One of the many tools promoted by the INCF has been the fMRI data center (fMRIDC) — a large-scale effort to gather, curate, and openly share fMRI data used in peer reviewed studies. Pioneering data sharing in neuroscience, despite receiving support from journals such as the Journal of Cognitive Neuroscience, the platform initially received skepticism from many of the community due to concerns over scooping and practicalities such as the time and effort it would require to deposit usefully curated data. The resource helped prove its utility over the following years by collecting over 100 complete studies, and enabling many publications that produced new results and/or conclusions from reusing this data, but unfortunately in the current difficult financial climate it did not receive long term funding and currently is not taking new submissions.
Promising moves on the horizon
Despite this setback, things are now more optimistic in this area, with the community looking more receptive to sharing their data, and work underway to overcome many of the roadblocks that have been holding things back (see our commentary on this subject). There are a number of promising moves from brain atlas, (e.g. the Allen Brain Atlas), and connectome projects (e.g. the human connectome project and CMRR) for providing huge resources of public data. In the functional imaging space, the openMRI project also provides a home for raw fMRI data, and has developed nice platform and data organisation standards.
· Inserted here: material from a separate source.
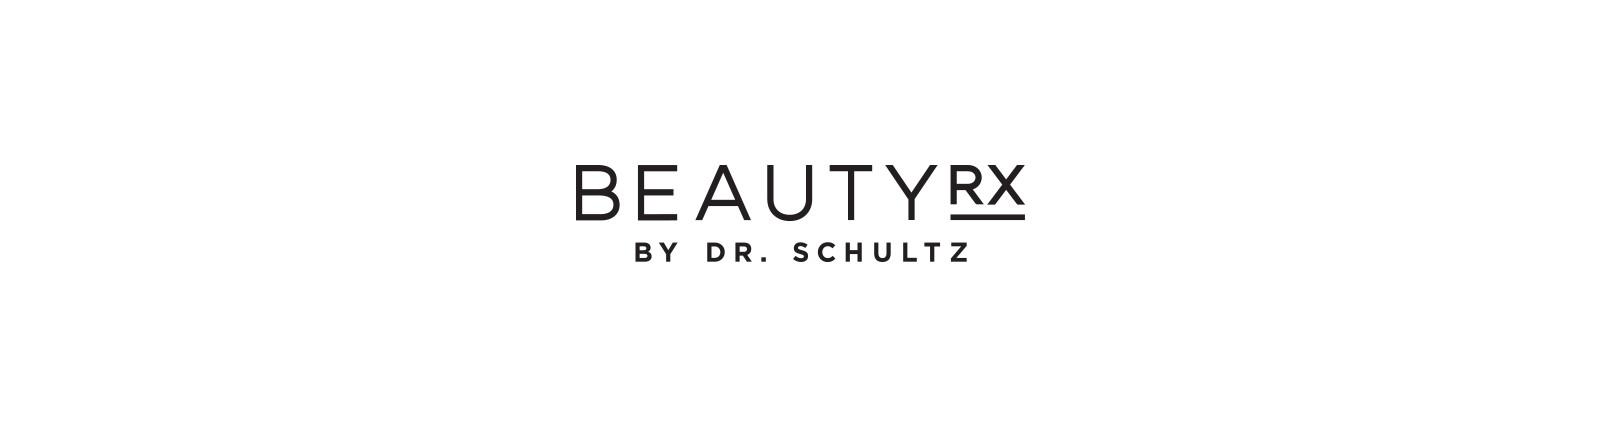 brx-logo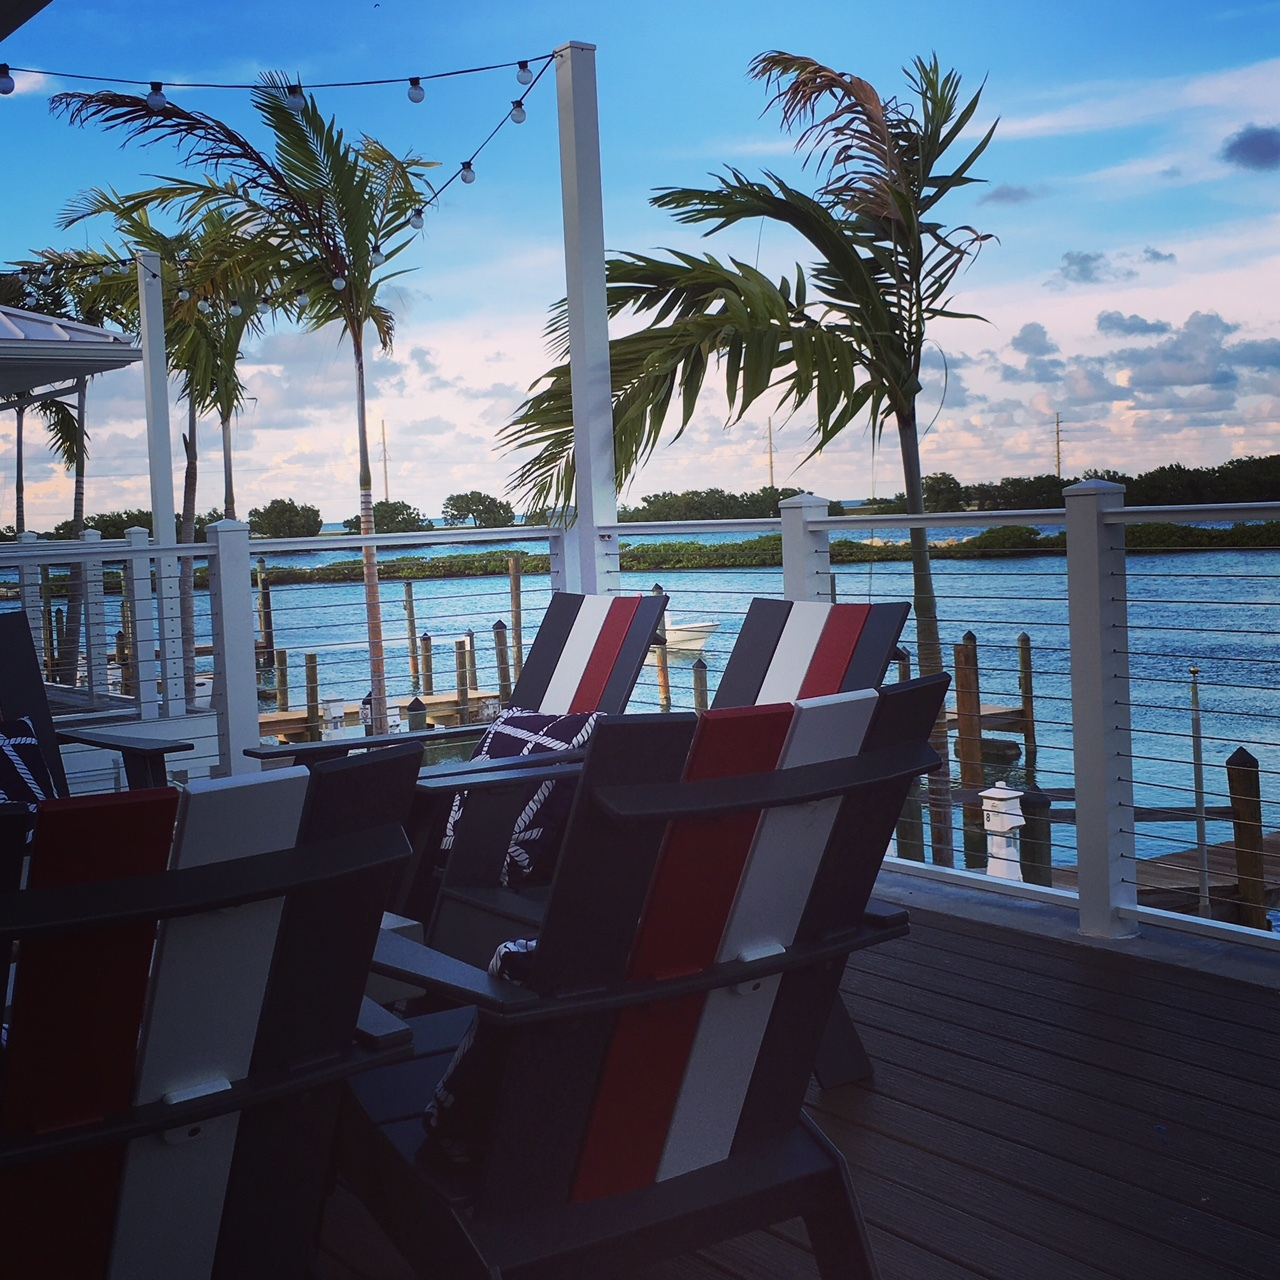 Hawks Cay Resort - Anchor and Ale Restaurant - Hawks Cay Resort view - florida keys - - empty nester getaway - romantic getaway idea - getaway idea for couples - empty nest travel - empty nest - empty nester

The Alzheimer’s Disease Neuroimaging Initiative (ADNI) was launched in 2003 to speed up drug development by validating imaging and biomarker data for Alzheimer’s disease clinical treatment trials, and set a new standard in neuroscience for data sharing without embargo. Despite data being de-identified, the consortium allows access only to approved members of the “scientific community” after their authorization, and there are stricter rules regarding data reuse and credit than the genomics community are used to. In contrast to these limitations we issue all of our data use a CC0 waiver to maximise its potential re-use, whilst giving all our hosted datasets a citable DataCite DOI to enable attribution and credit to the producers. The broader imaging community has shown that there are mechanisms and a large potential user base for sharing their data, with the Open Microscopy Environment (OME) community producing a suite of open visualization and conversion tools and data standards. OME’s open imaging platform OMERO (developed in part by our editorial board member Jason Swedlow), has a growing user base from labs organizing and presenting their data, and has worked with journals and societies to produce products such as the Journal of Cell Biology image viewer, and the American Society of Cell Biology “The Cell: an Image Library”. In the longer term the future is looking bright, the European Euro-Bioimaging initiative is also planning and aiming to build large-scale public biological and biomedical imaging infrastructure by 2017.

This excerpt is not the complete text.